Good messes to be had from their catastrophism

It  is  an  interesting  fact  about  the  world  we  actually  live  in  that  no anthropologist, to my knowledge, has come back from a field trip with the following report: their concepts are so alien that it is impossible to describe their land tenure, their kinship system, their ritual… As far as I know there is no record of such a total admission of failure… It is success in explaining culture A in the language of culture B which is… really puzzling.
                                                   Ernest Gellner, social anthropologist

The overall skeptical argument that we know nothing at all about other people’s minds, for instance, is painless, because it is totally theoretical; it is more disturbing to consider that perhaps we know something about other people, but a lot less than we suppose.
                                                 Bernard Williams, philosopher

–Start by observing that, “There is no alternative but to experiment,” imports a silent clause for catastrophists: “There is no alternative but to experiment, even if the consequences of doing so are uncertain.” We face certain catastrophe if we don’t experiment, no matter what.

A parallel exists in psychoanalysis: Just as a traumatic dream represents for Freud an exception to dreaming as wish fulfillment, so too does catastrophism, their wide-awake trauma, represent an exception to thinking more before acting.

–But do think about it. The business of Empire and Finance is to ensure The End continues. For disaster capitalism and speculative finance, more catastrophism means more ways to make a buck (think: artificial pollination after the bees go extinct).

–So, the policy analytic challenge–the challenge of thinking–isn’t to come up with new money-making crisis scenarios for profiteers. It is for us to think through what is instead-of-catastrophism or how the profiteers’ preoccupation with their catastrophism poses good messes for the rest of us.

***

–What are some good messes to be had in the catastrophism of others?
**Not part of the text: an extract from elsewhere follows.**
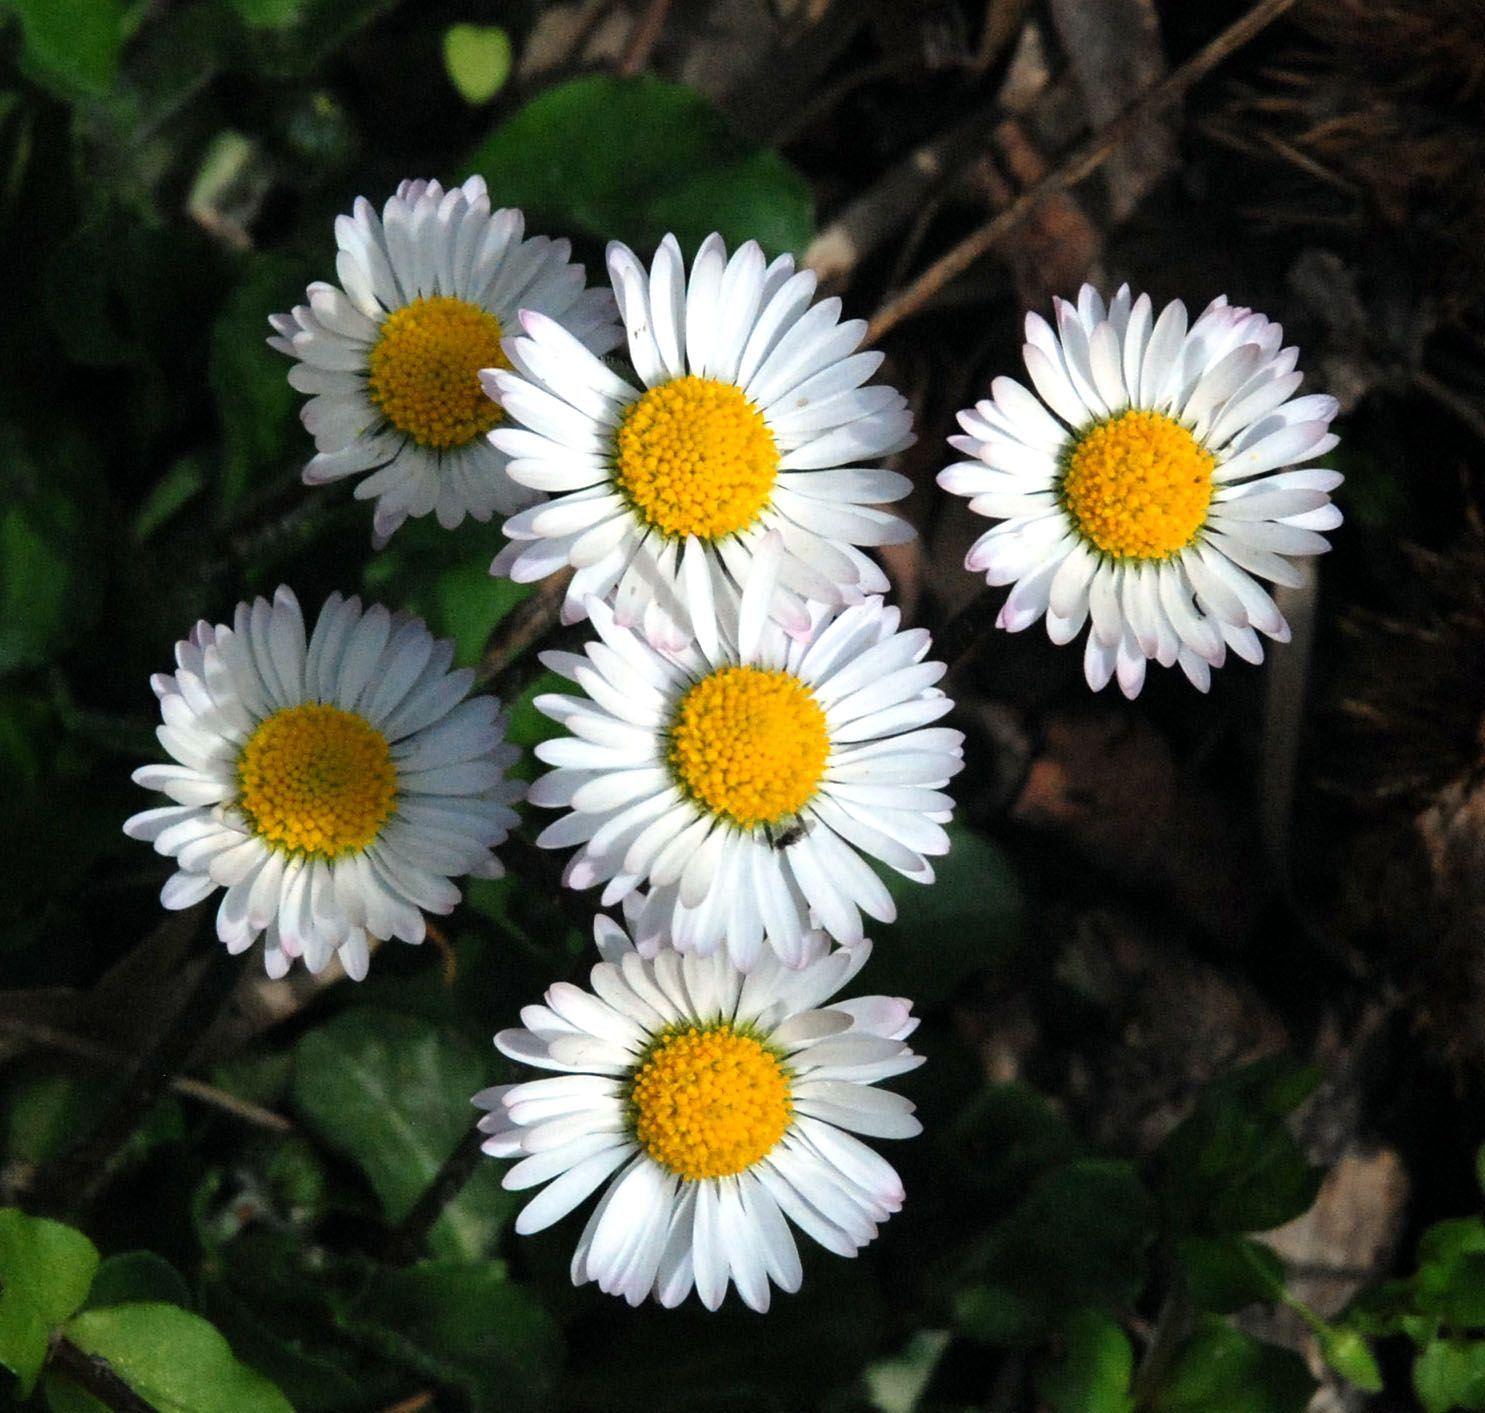 http://cheznectarine.c.h.pic.centerblog.net/o/8f1c76bb.JPG

Let me suggest a few:

Who wouldn’t be right in resisting burn-out, early or late, if told repeatedly they haven’t “taken control” of climate change, species extinction and biodiversity loss?

It would be good to know if we are, as some say, nine missed meals away from civil unrest, or is it only four missed meals, as others say.

Isn’t everything-connected-to-everything-else an odd kind of stasis rather than always-primed for worse?

Hasn’t surviving the remains of war been the only real place where everything is directly connected to everything else by virtue of barter (e.g., your fuel for my food)? If, as novelist Henry James put it, what is real is what remains, then the playwright Samuel Beckett’s “nothing” in “Nothing is more real than nothing,” is what remains—before or after—everything has been directly connected? It’s dangerous to assume we don’t manage different interconnections differently, and with different effect.

Conversation stoppers like “human fallibility” and “radical uncertainty” reverberate with original sin and basic evil. Better to say we still find it reasonable to assume we’re not as rational as we thought, even now (a good indication, btw, that the Enlightenment continues).

To say endemic crises have many causes and are overdetermined is like saying there’s too much wind-up for the pitch thrown.

And since when has inequality been best described as a crisis only or even primarily? Norms are different from crises, and inequality is very much the norm. Inequality is better understood as the scandal of the status quo. Shaming, humiliating and ostracizing the profiteers don’t solve crises, but together they are a very important way to respond to inequality.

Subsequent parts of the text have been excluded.